A la différence des autres formes d’interactions ; conversation quotidienne, la demande d’information, etc., le débat est produit dans un univers spécifique composé de plusieurs instances d’émission et de réception, cette situation de communication ne renvoie pas au modèle classique d’émetteur/message/récepteur. le modèle télégraphique de communication129tel qu’il a été conçu par Jakobson et ses prédécesseurs, nous assistons plutôt à une superposition de contrats, conférant chacun à l’ensemble du dispositif une forme de relation discursive et institutionnelle complète que O. Turbide résume ainsi

129Construit autour de la théorie du message, introduit par Saussure (dès 1916), développée par Shannon et Weaver (1949/1975), puis entamée par Jakobson (1963).

« D’une part, l’interaction médiatique, en tant qu’action conjointe polyfocalisée, suppose deux ordres d’interaction (entre les acteurs médiatiques et avec les téléspectateurs) ayant chacun leurs propres contraintes, leurs propres dynamiques. Cette complexité situationnelle se double des exigences posées aux interactants. En même temps qu’ils tentent de satisfaire leurs objectifs et de protéger leur face et celle de leur interlocuteur, ils doivent trouver les bons mots au bon moment et les énoncer dans un ordre adéquat, s’adapter à ce que dit l’interlocuteur tout en proposant une définition de la situation qui soit cohérente entre les différents plans sémiotiques et qui soit constante dans le temps. » (Turbide, 2009, p. 76).
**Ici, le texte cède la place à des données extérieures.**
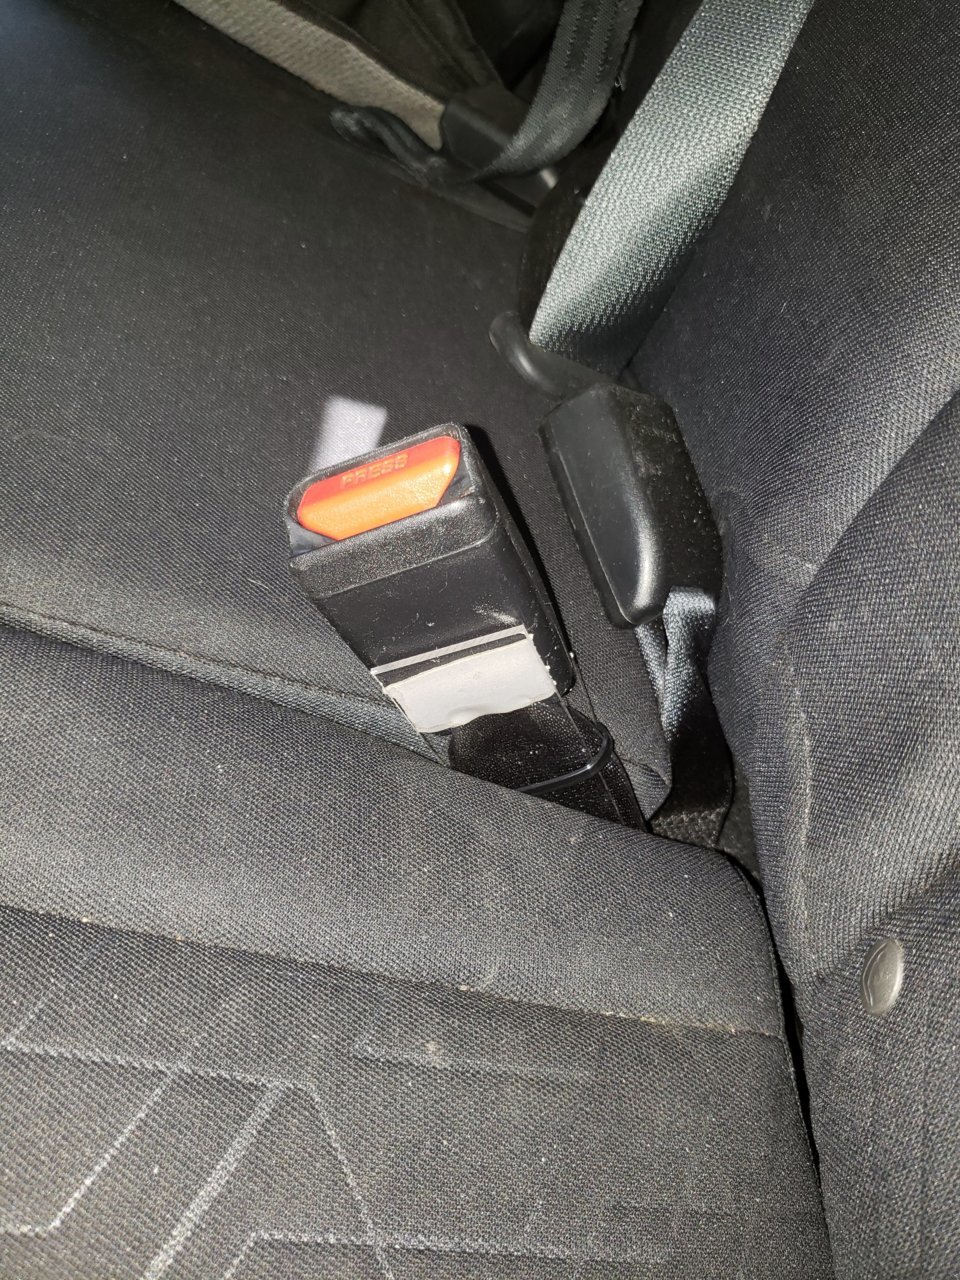 Tacoma seat belt stiffener.jpg

En évoquant la dimension contractuelle, nous recentrons notre réflexion sur les trois niveaux de la présentation du cadre communicationnel correspondant aux trois contrats de communication qui peuvent générer le discours (Courbières, 2002), à savoir ; le contrat médiatique, le contrat du débat télévisé et enfin le contrat du genre débat.

Vu que le débat télévisé s’inscrit dans trois contrats, nous proposons de nous référer à la méthode proposée par P.Charaudeau (1991), consistant à étudier d’abord, la nature de chacun isolément, pour aboutir à des lectures ou des interprétations signifiantes pour ensuite, aborder dans la foulée les questions où et comment se croisent-ils ? Se superposent-ils ? Ou se complètent-ils ? « Ainsi en est-il de la communication médiatique. Par définition, celle-ci intègre plusieurs types de contrats et plusieurs façons de les réaliser (ritualisations) » (Charaudeau, 1991, p. 12).

L’élucidation de ces questions permet de fournir des explications sur les mécanismes de l’enchaînement des faits langagiers. En d’autres termes conclut N. Nel (1990) « Bref, le débat télévisé sera considéré comme une situation de communication totale, qu’il conviendra d’étudier dans sa dynamique » (Nel N. , 1990, p. 12).

Nous commençons tout d’abord par étudier le contrat médiatique, puis nous focaliserons notre attention sur le débat télévisé et enfin notre réflexion portera sur le genre débat.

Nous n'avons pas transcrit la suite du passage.